Some low quality references slip through the net, and standards are not enforced consistently ("Attention to the reference list in the schizophrenia article at the time of our study revealed numerous citations that were not reviews", but original research academic papers about "breakthroughs" – this mentioned in the context of a talkpage argument that "such papers should be avoided until their findings are confirmed"). The authors also note that they found at least "one reference to another Wikipedia article and also to a schizophrenia forum discussion". The article's structure is a result of years of minor edits with little attention to the big picture, resulting in occasionally illogical and incoherent layout with some contradictions or clearly obsolete but not updated sections, which leads the authors to summarize the state of the article as "a rather ad hoc assemblage of resources" and "a chronological patchwork of studies that nonetheless does have the effect of synthesising knowledge". Despite those problems, they conclude that the Wikipedia article, and the creation process behind it, is similar to an academic review article. Also, despite Wikipedia's claims that it is simply describing the state of things, rather than creating new arguments or points of view, the authors do think that the Wikipedia article is also an active voice in ongoing discussions, and note that some editors on the talk page see the purpose of the article as educating the public as well as some experts.

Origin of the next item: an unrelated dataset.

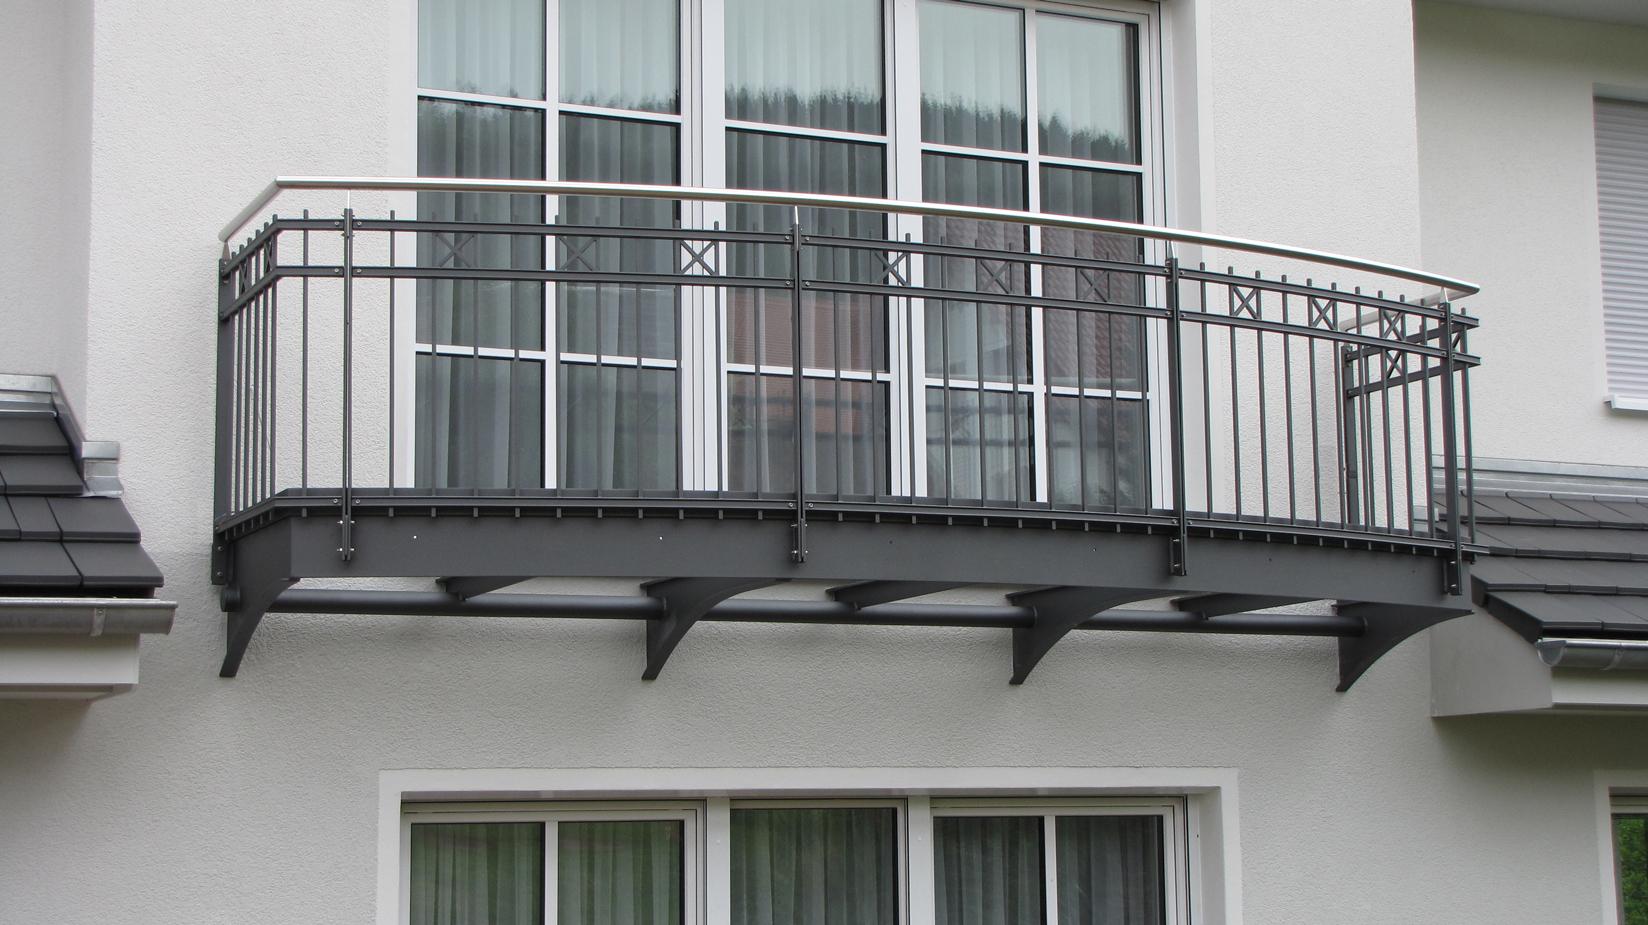 balkongel nder metallbau metallgestaltung treppenbau. Black Bedroom Furniture Sets. Home Design Ideas

There are some unfortunate omissions (through to some degree understandable due to academic publish word limit). The authors do not discuss in detail whether some users, such as experts, seem to pull more weight in the discussions, or whether removal of personal stories impacts the friendliness of the discussion. Despite these omissions, the paper is an interesting analysis of knowledge creation on Wikipedia, as well as another contribution to the ongoing discussion about the reliability and quality of Wikipedia. On that note, it is worth noting that schizophrenia is a Featured Article, following a 2003 nomination that by today's FA standards is more like a joke. Given the criticism of the article's 2011 version as voiced by this paper, the community may want to consider a Feature Article Review here.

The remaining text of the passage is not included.